When to use and not to use
The ES comes as an integrated package with software and operating system. It support extracting text from many file formats and can automatically generate thumbnails from many images and many other functions. For example here is how a search hit for an image can look like out of the box.
No pun intended. We just happened to have that logo in the test set and think the search result looks good.
However all this comes with some overhead, so it may be that the ES isn’t right for your project. At list the following may be some points to consider.
Overkill for small sites
If you have a relative small website that is public available you may want to consider using a simple PHP or CGI script, or a fully hosted solution instead of having to run another (virtual) server.
The ES is not based on tables and fields like a SQL database, so it can’t mimic an SQL table. Instead the ES uses a flexible concept of documents and document attributed. This document system is great for indexing real documents and websites, but not for maintaining table relations.
If you need to mimic the field in a database you may want to look into using Apache Solr instead.

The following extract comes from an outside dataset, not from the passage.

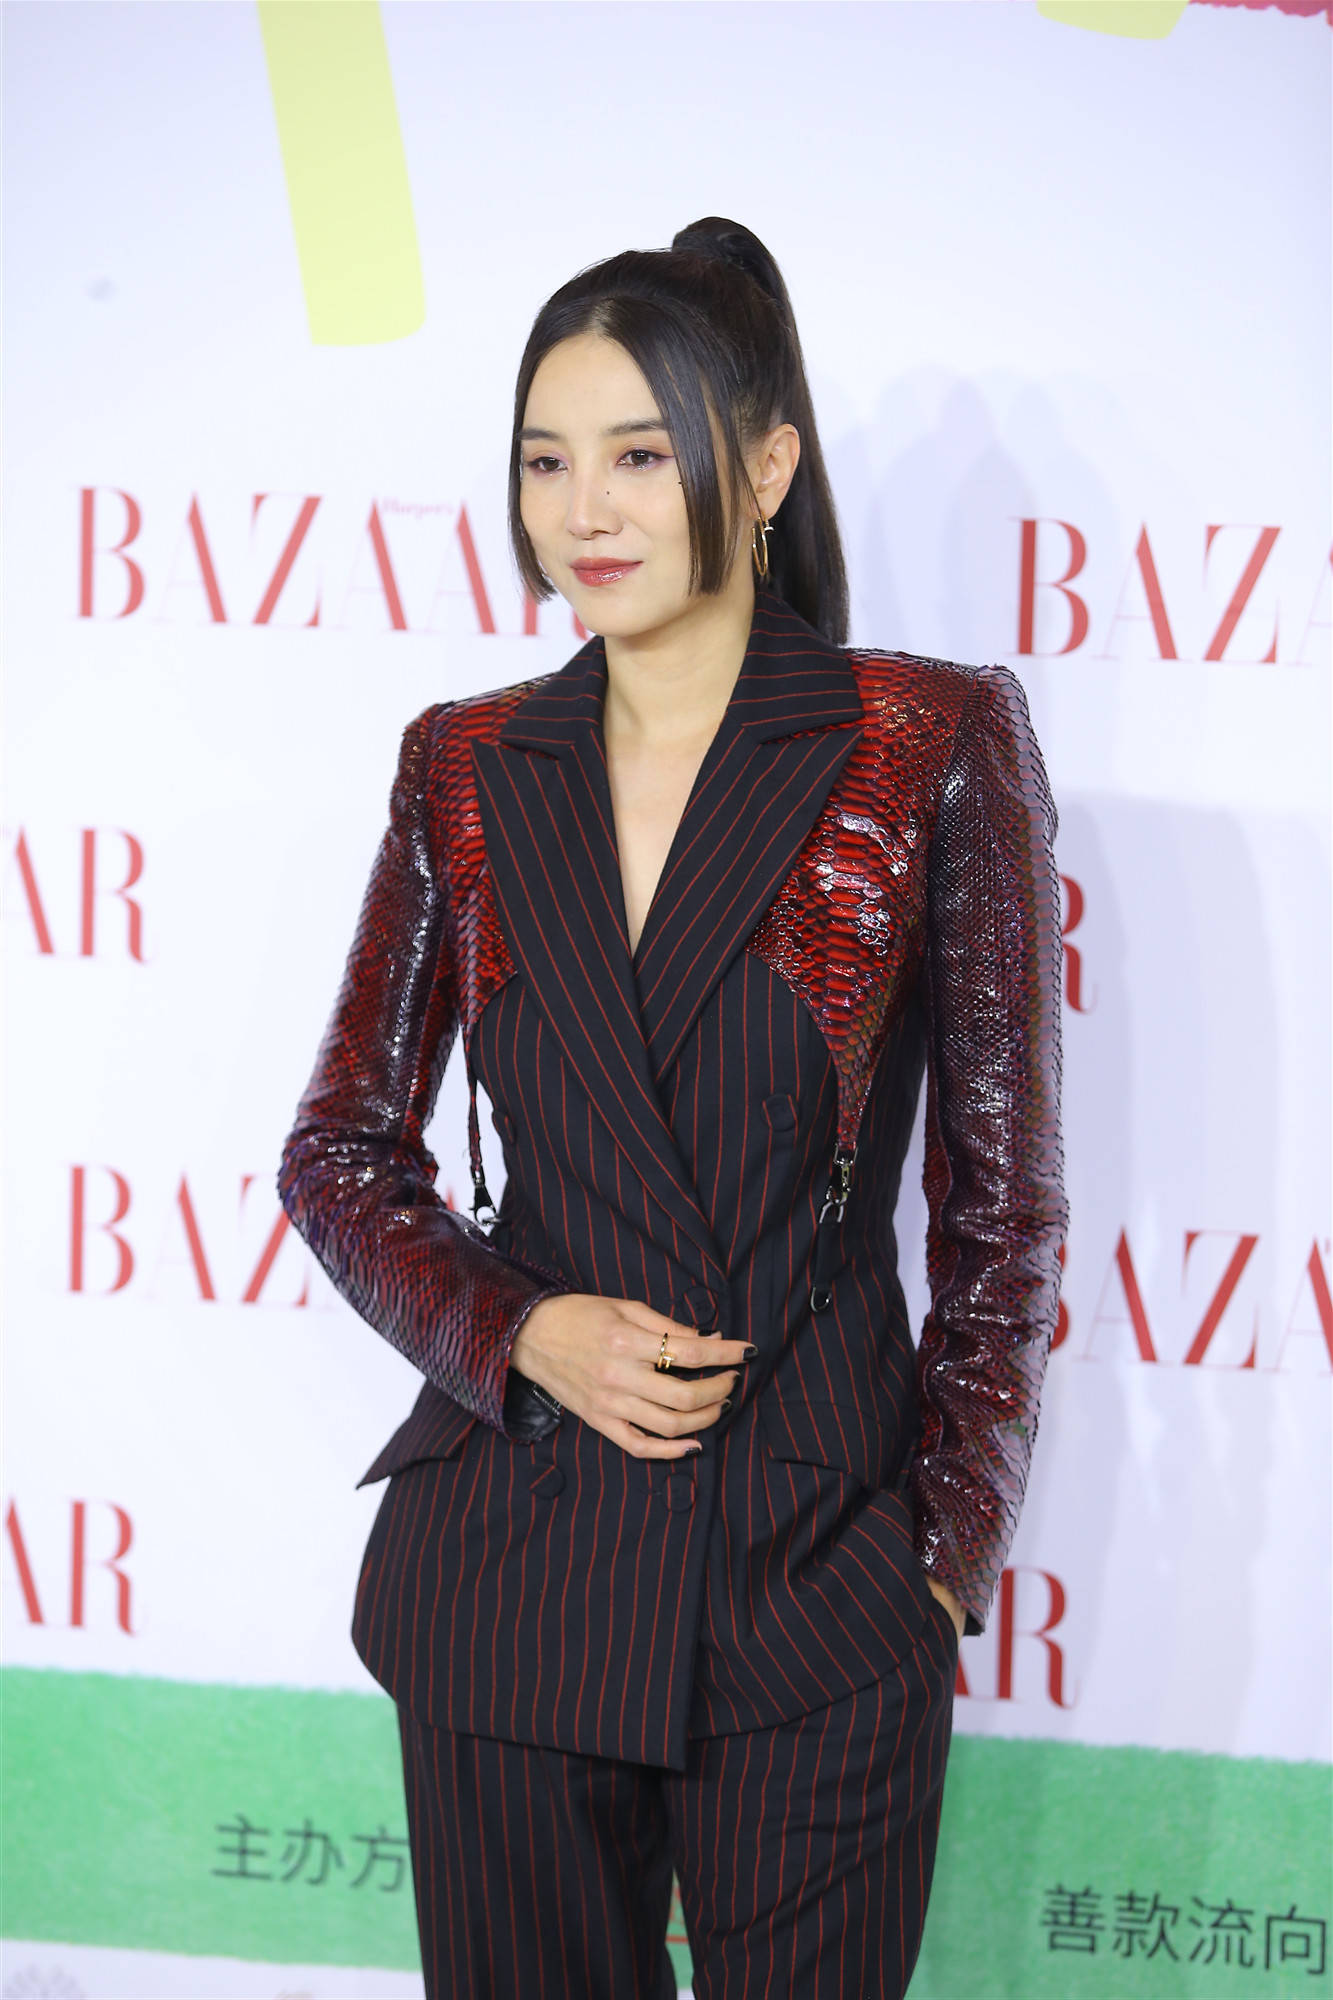 Kiểu trang phục vest đen sọc đỏ của nữ diễn viên Tiểu Tống Giai giúp tăng vẻ cá tính. Tuy nhiên, kiểu tóc đuôi ngựa kết hợp 2 mái đen thẳng khiến cô nàng trông có vẻ 'dừ' hơn ngày thường.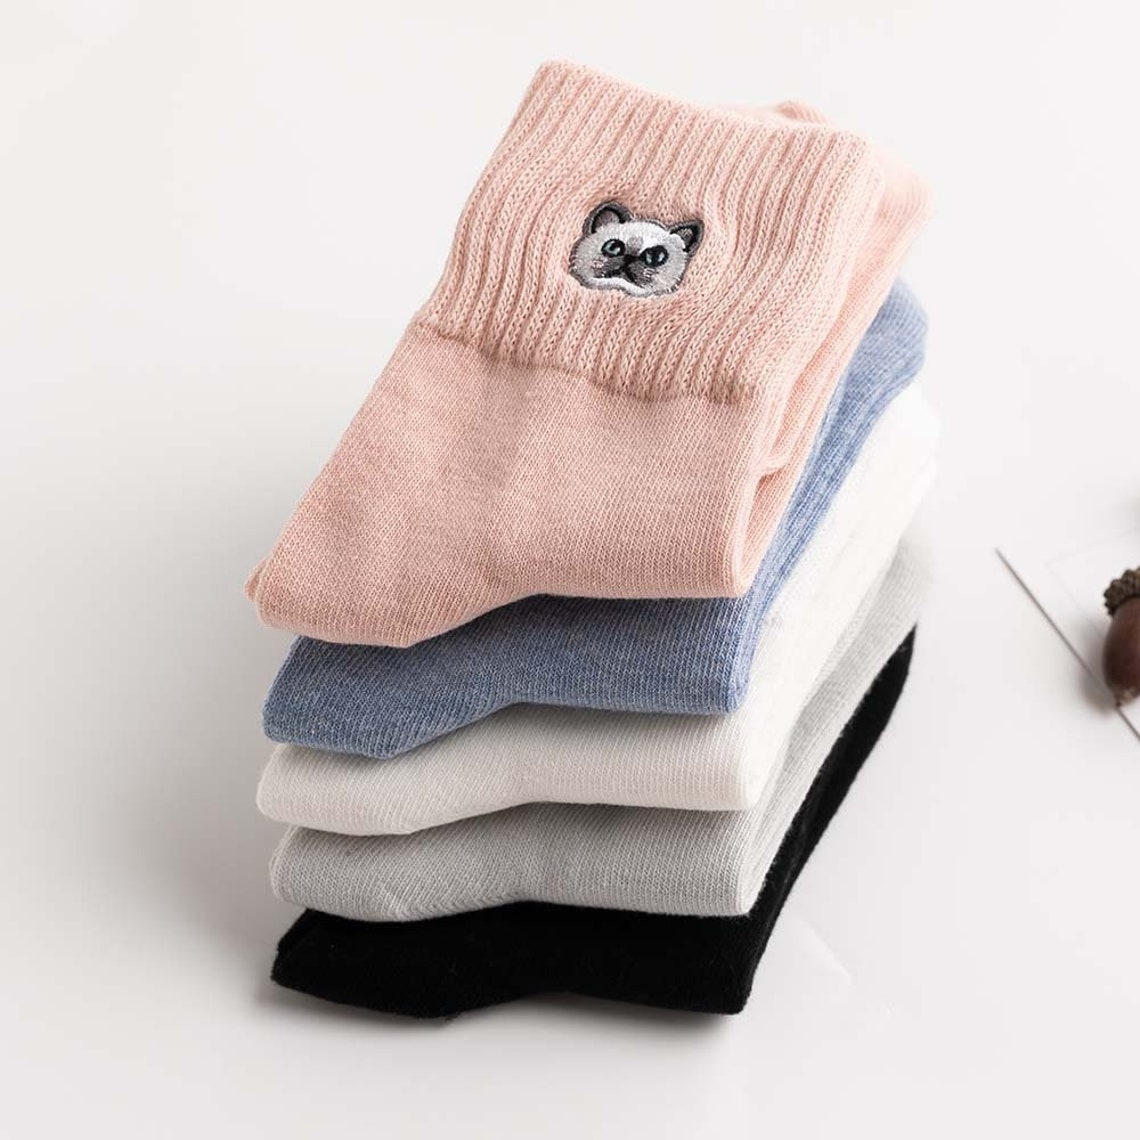 Cat embroidery socks women socks cat socks for gift gift | Etsy

Automatic distribution and replicating
While the ES do support distribution and clustering this is a kind of undocumented black art to setup. If you need a system where the data indexed needs to be spited up on many servers you may want to look into ElasticSearch instead. However be aware that ElasticSearch don’t support any crawlers and data converters so you have to convert all data to text and push it to ElasticSearch by using JSON.
Automatic clustering support is something we are working on.